The technology for plug-in hybrids is now advanced enough to allow all classes of vehicles to be manufactured, from the smallest to the largest. In an effort to help demonstrate that fact, my students and I have put together nine plug-in hybrids in the past 15 years, everything from two-seat sports cars to full-size sport-utility vehicles—all of which have 60 miles of all-electric range using ordinary metal-hydride batteries.
The hybrids we have fabricated weigh roughly the same as standard vehicles because the internal combustion engines employed are less than one-third the size of those found in typical cars and because their continuously variable transmissionsaremuch lighter and simpler than conventional multi-speed geared transmissions. The pounds we were able to save in this way could then be put into good-sized electric motors and batteries.
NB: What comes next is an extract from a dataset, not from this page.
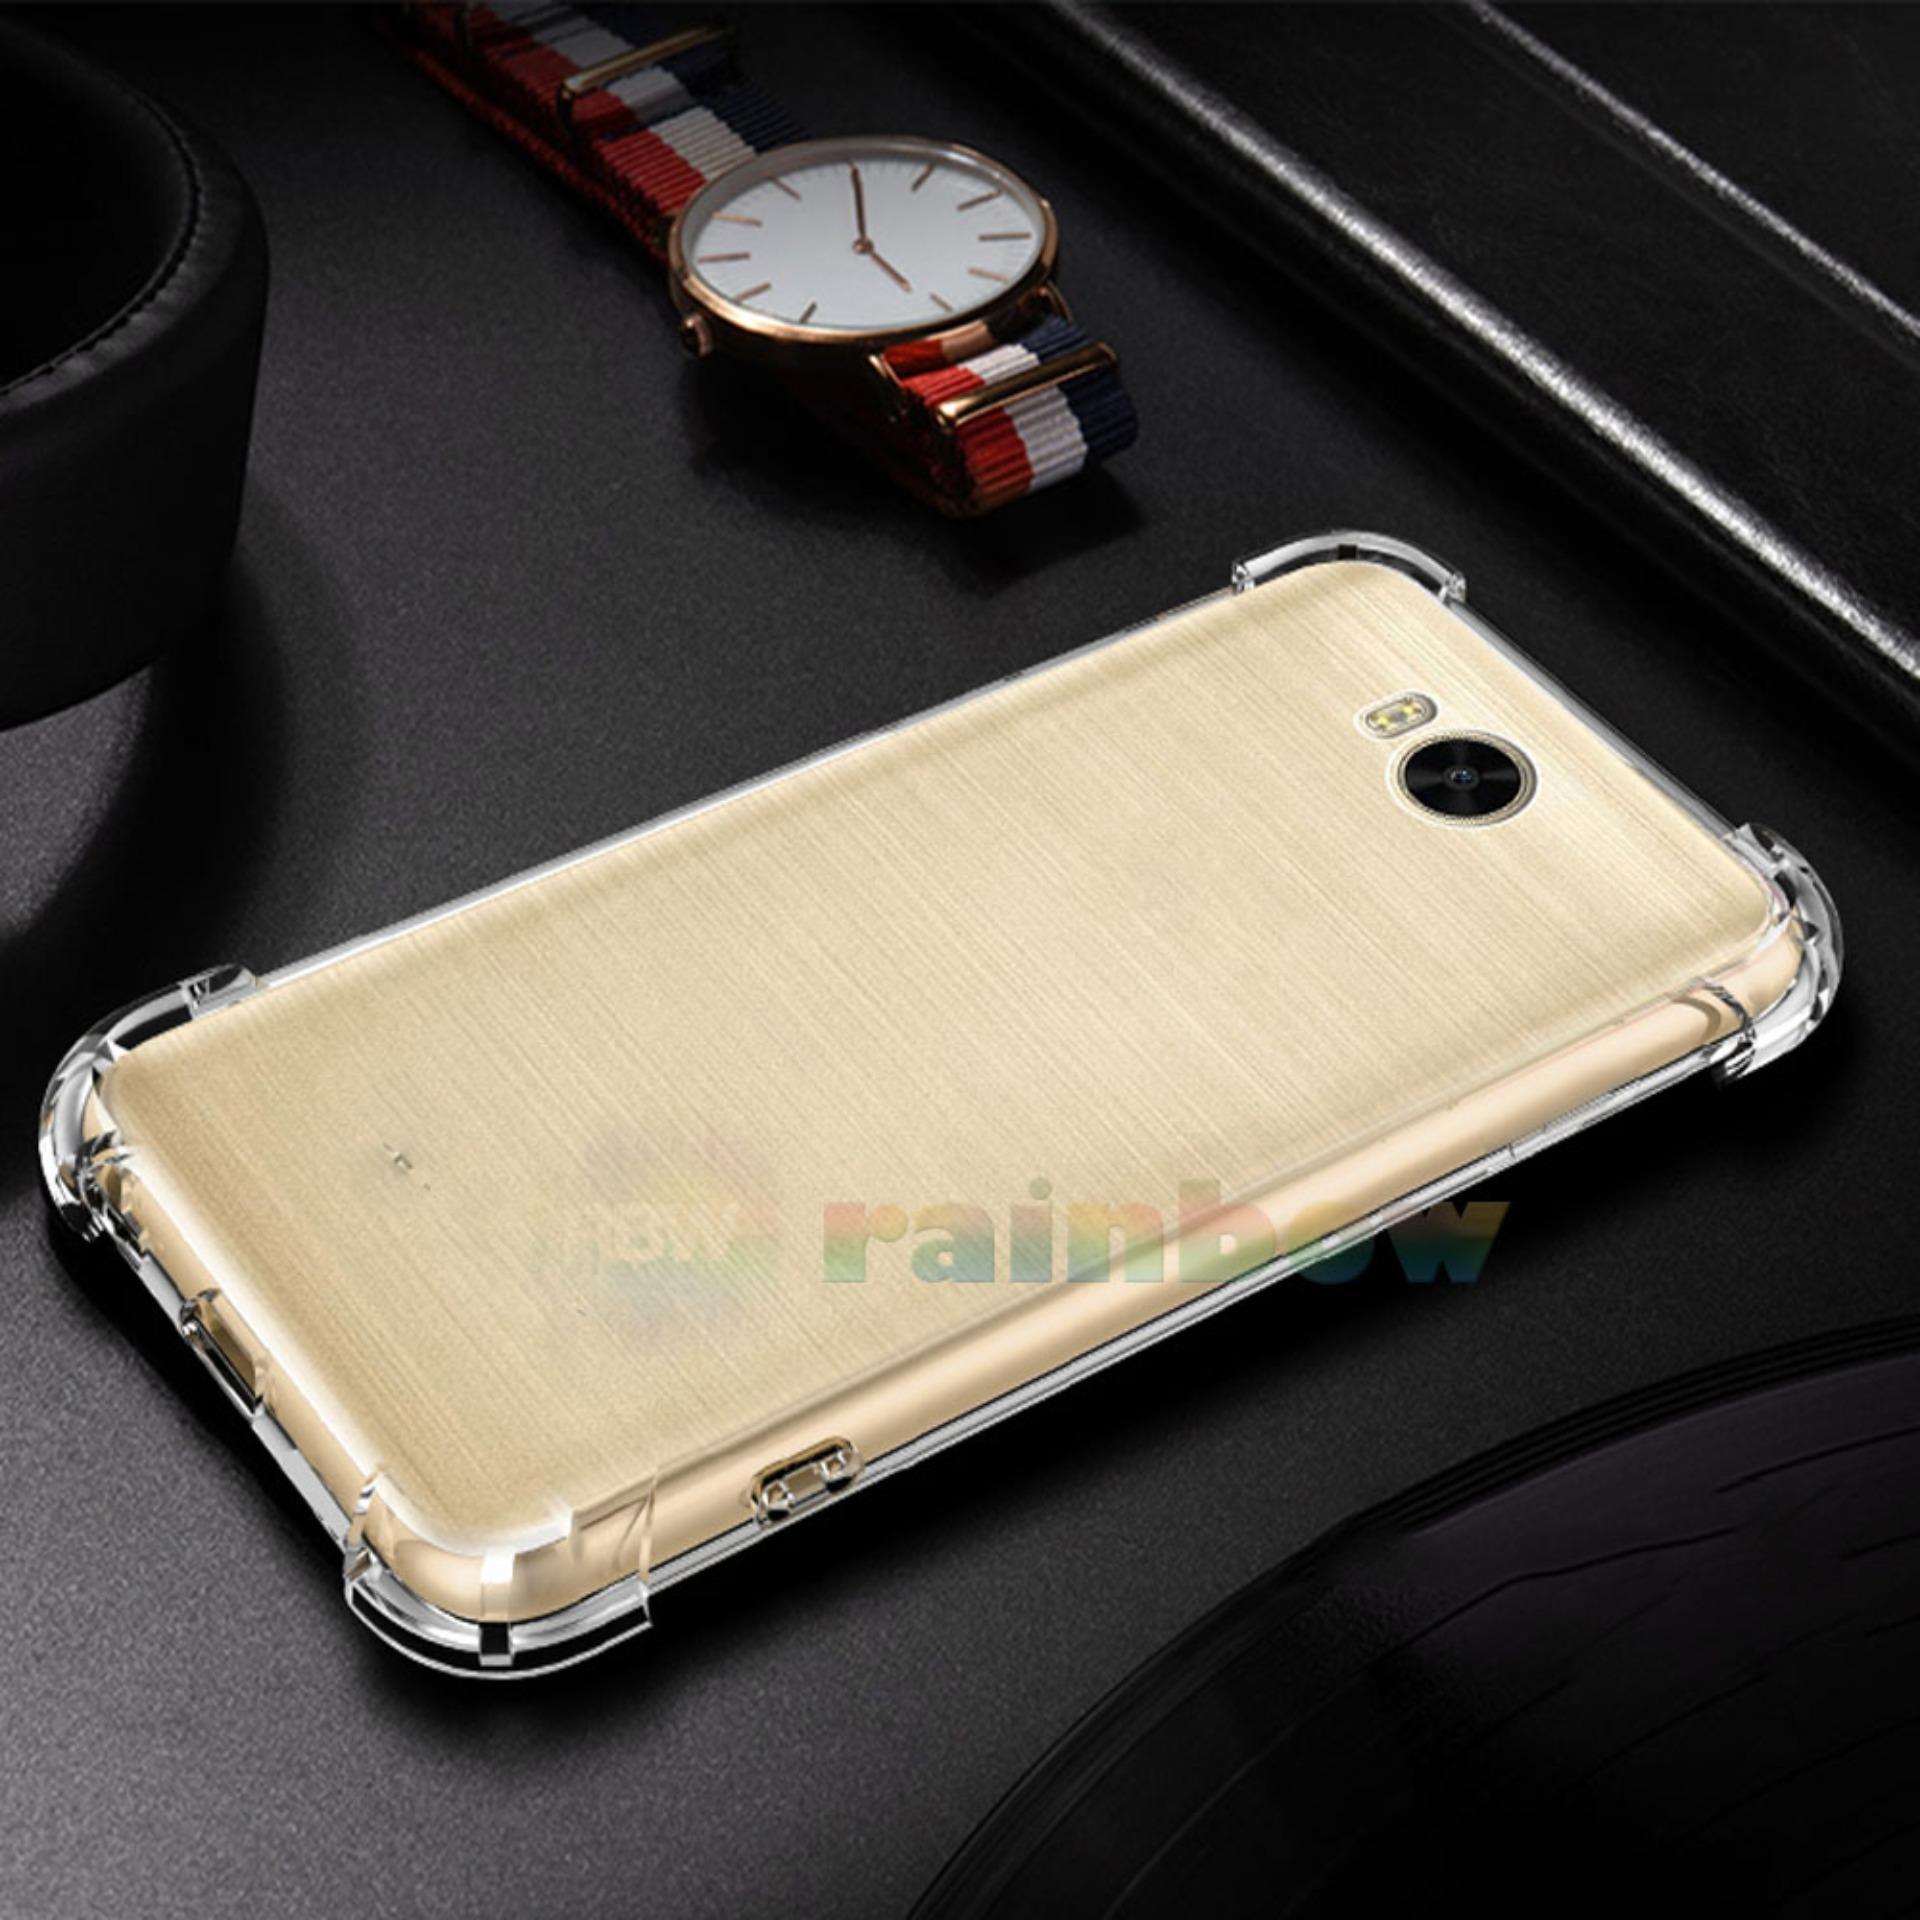 Rainbow Case Anti Crack Huawei Y5 2017 Transparan Soft Case Anti Shock Y5 2017 Huawei / Softshell Shockproof / Ultrathin Huawei / Silikon Casing  Huawei Clear

For example, a hybrid car we constructed in 1997 named "Coulomb" (a converted Mercury Sable sedan) has an engine with a displacement of only 660 cubic centimeters, something one finds more typically powering a modest-size motorcycle. Yet that diminutive engine can produce 36 kilowatts, which is more than sufficient for sustained hill climbing. Coulomb also contains an electric motor capable of putting out 75 kilowatts peak power, which allows the car to accelerate from a standstill to 60 miles per hour in only 9 seconds when used in conjunction with its gasoline engine. With the car's 18-kilowatt-hour pack of metal-hydride batteries, the motor can carry the car for 60 miles in all-electric mode.
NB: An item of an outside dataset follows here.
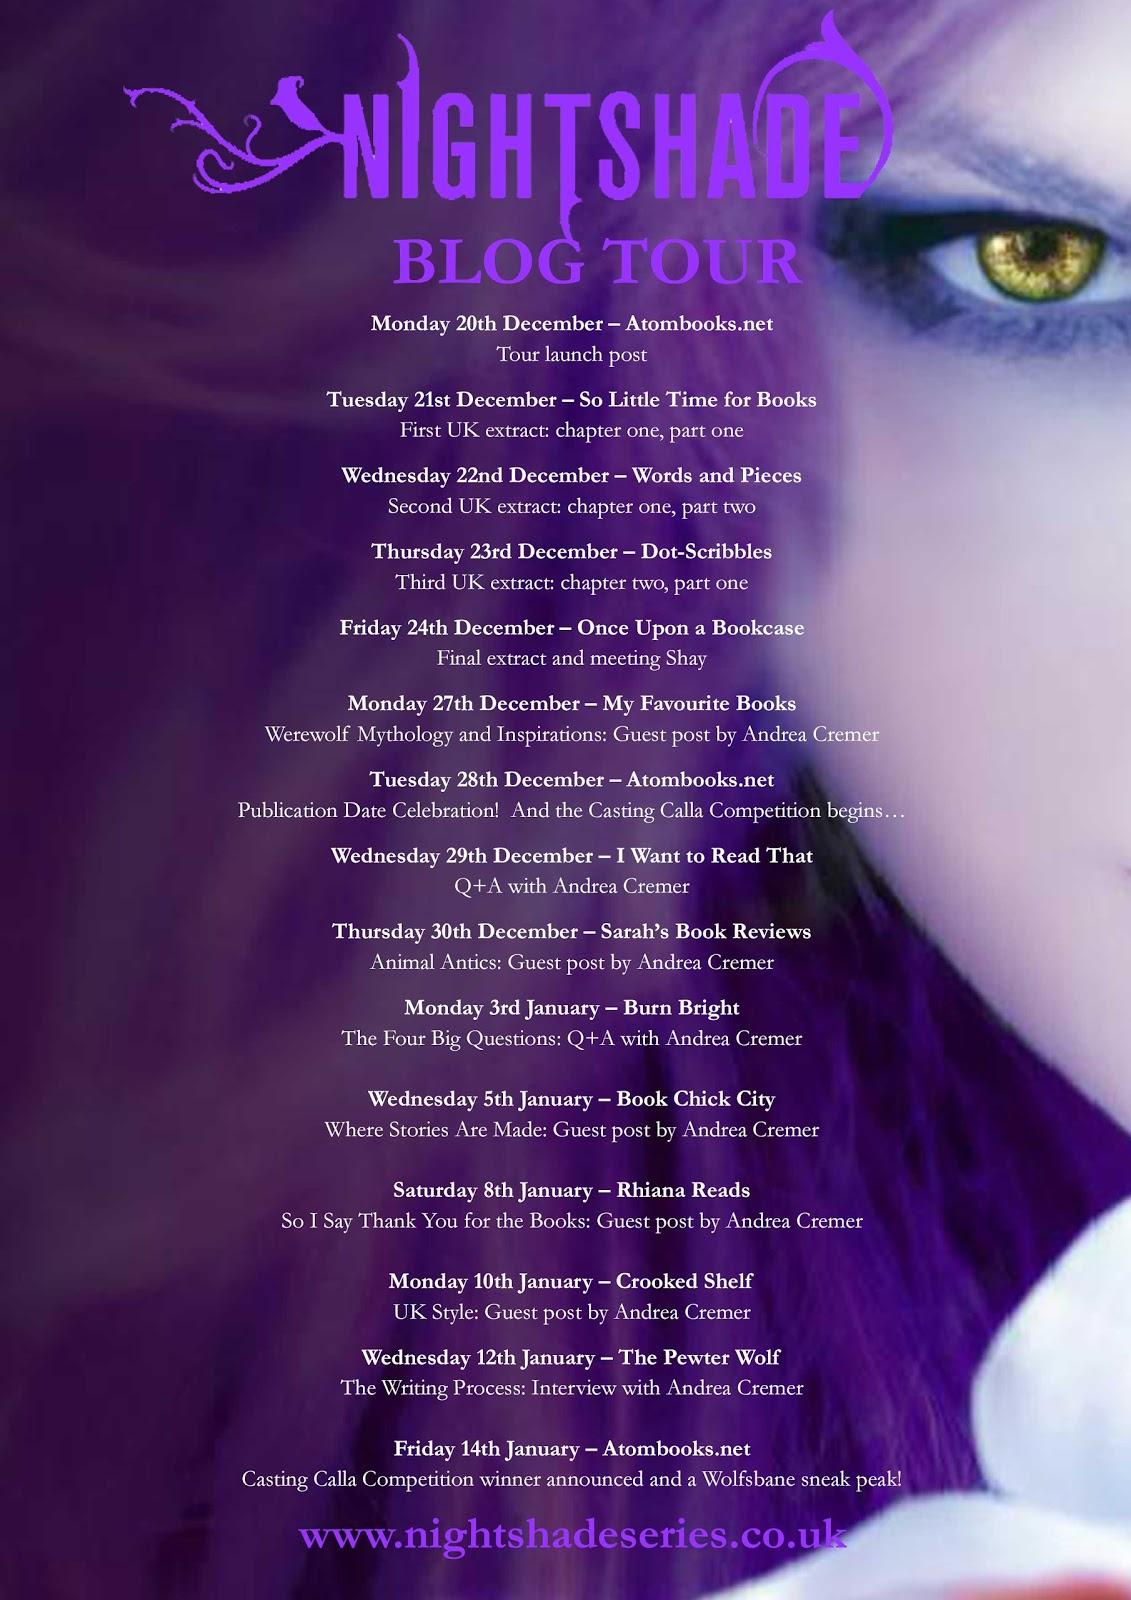 Nightshade Blog Tour Schedule

Advanced lithium-ion batteries now becoming available for automotive use are smaller and lighter than the metal-hydride cells we have so far employed, which will allow for lighter vehicles with the same electric range or ones that can go even farther before they begin to use gasoline. At the moment, the main roadblocks to lithium-ion cells are higher cost, reduced longevity and concerns about safety, but some battery makers claim to have solved these issues with their newest designs. I look forward to testing some of the latest lithium-ion batteries in one of the plug-in hybrids that I am now building with my students. I fully expect that lithium-ion cells of one variety or another will eventually replace metal-hydride batteries in hybrid cars, offering a two- to threefold increase in energy storage for a pack of a given weight, along with a greater ability to absorb energy quickly during regenerative braking and, perhaps, with adequate durability to last for 15 years and 150,000 miles.
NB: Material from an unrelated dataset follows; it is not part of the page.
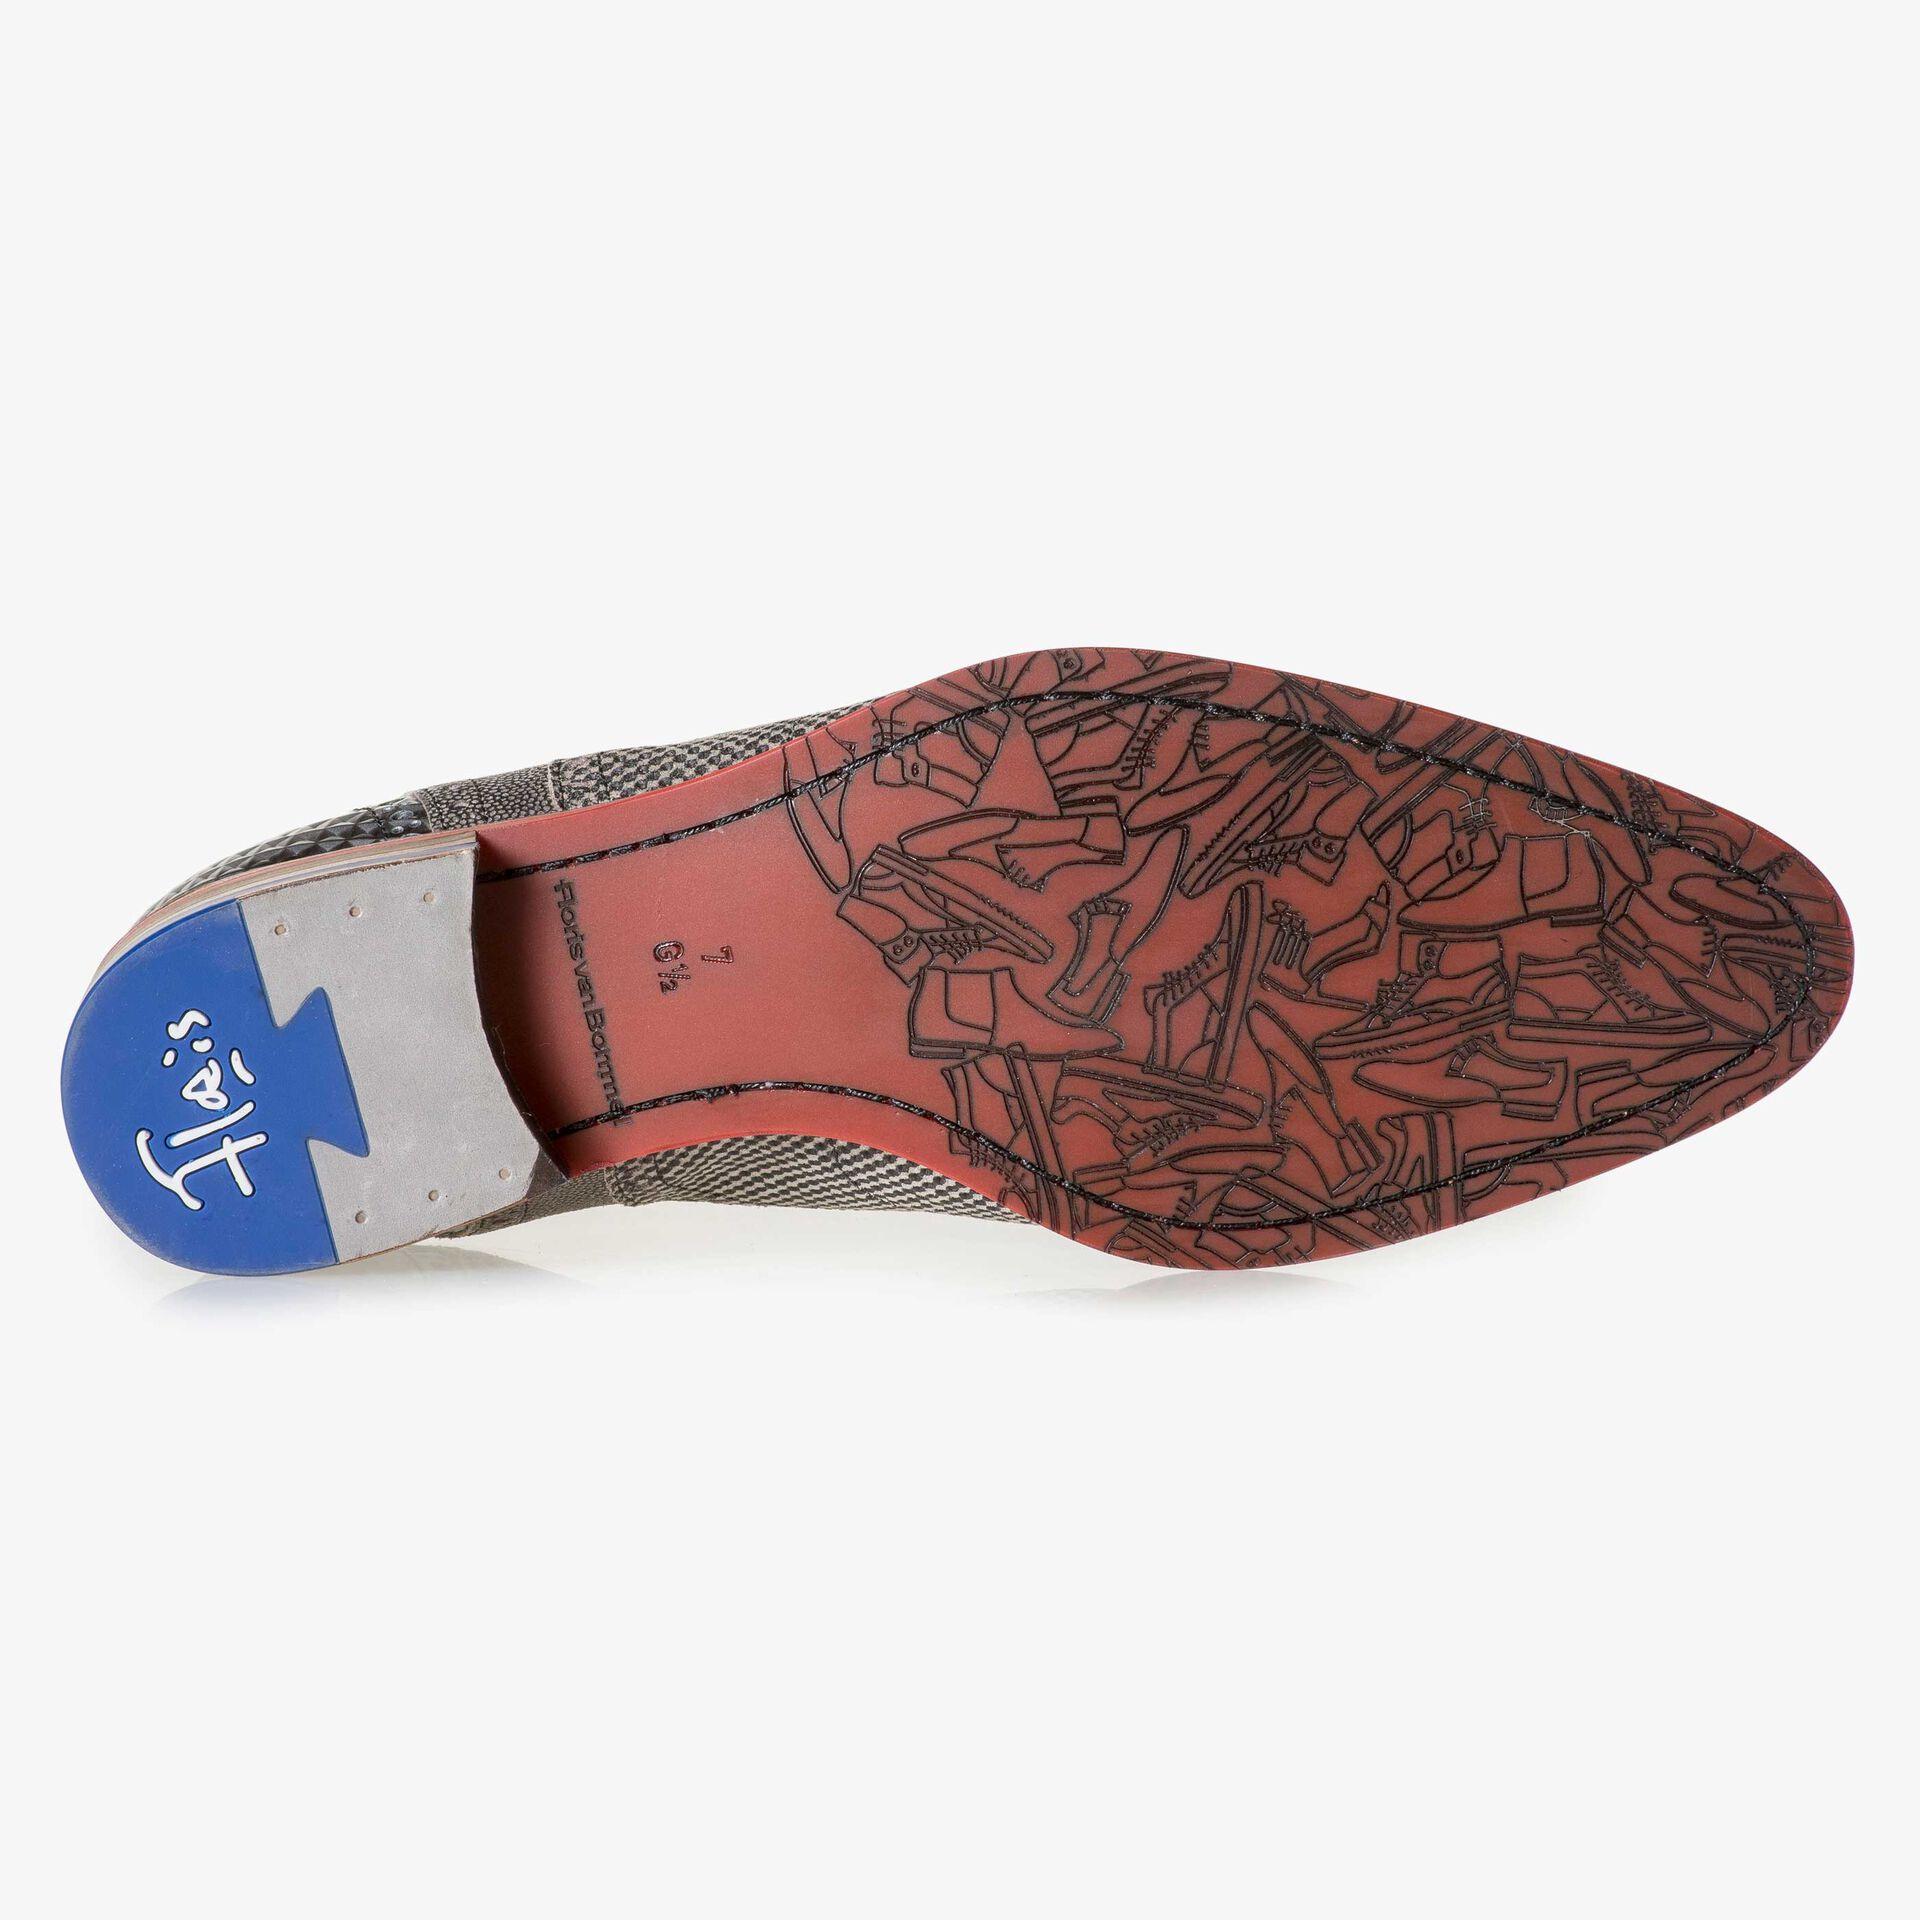 Taupefarbener Wildleder-Schnürschuh mit Mini-Print

Charging time for the batteries in a plug-in hybrid is not nearly as much of an issue as it is for a purely electric car, because the engine can always provide propulsion. Thus the batteries can be charged relatively slowly, which can be done quite efficiently from nothing more elaborate than an ordinary household outlet. What is more, because the power requirements for slow charging are quite modest, the electricity doesn't necessarily have to come from the electric grid—it can also be derived from rooftop photovoltaic panels or from a small wind turbine.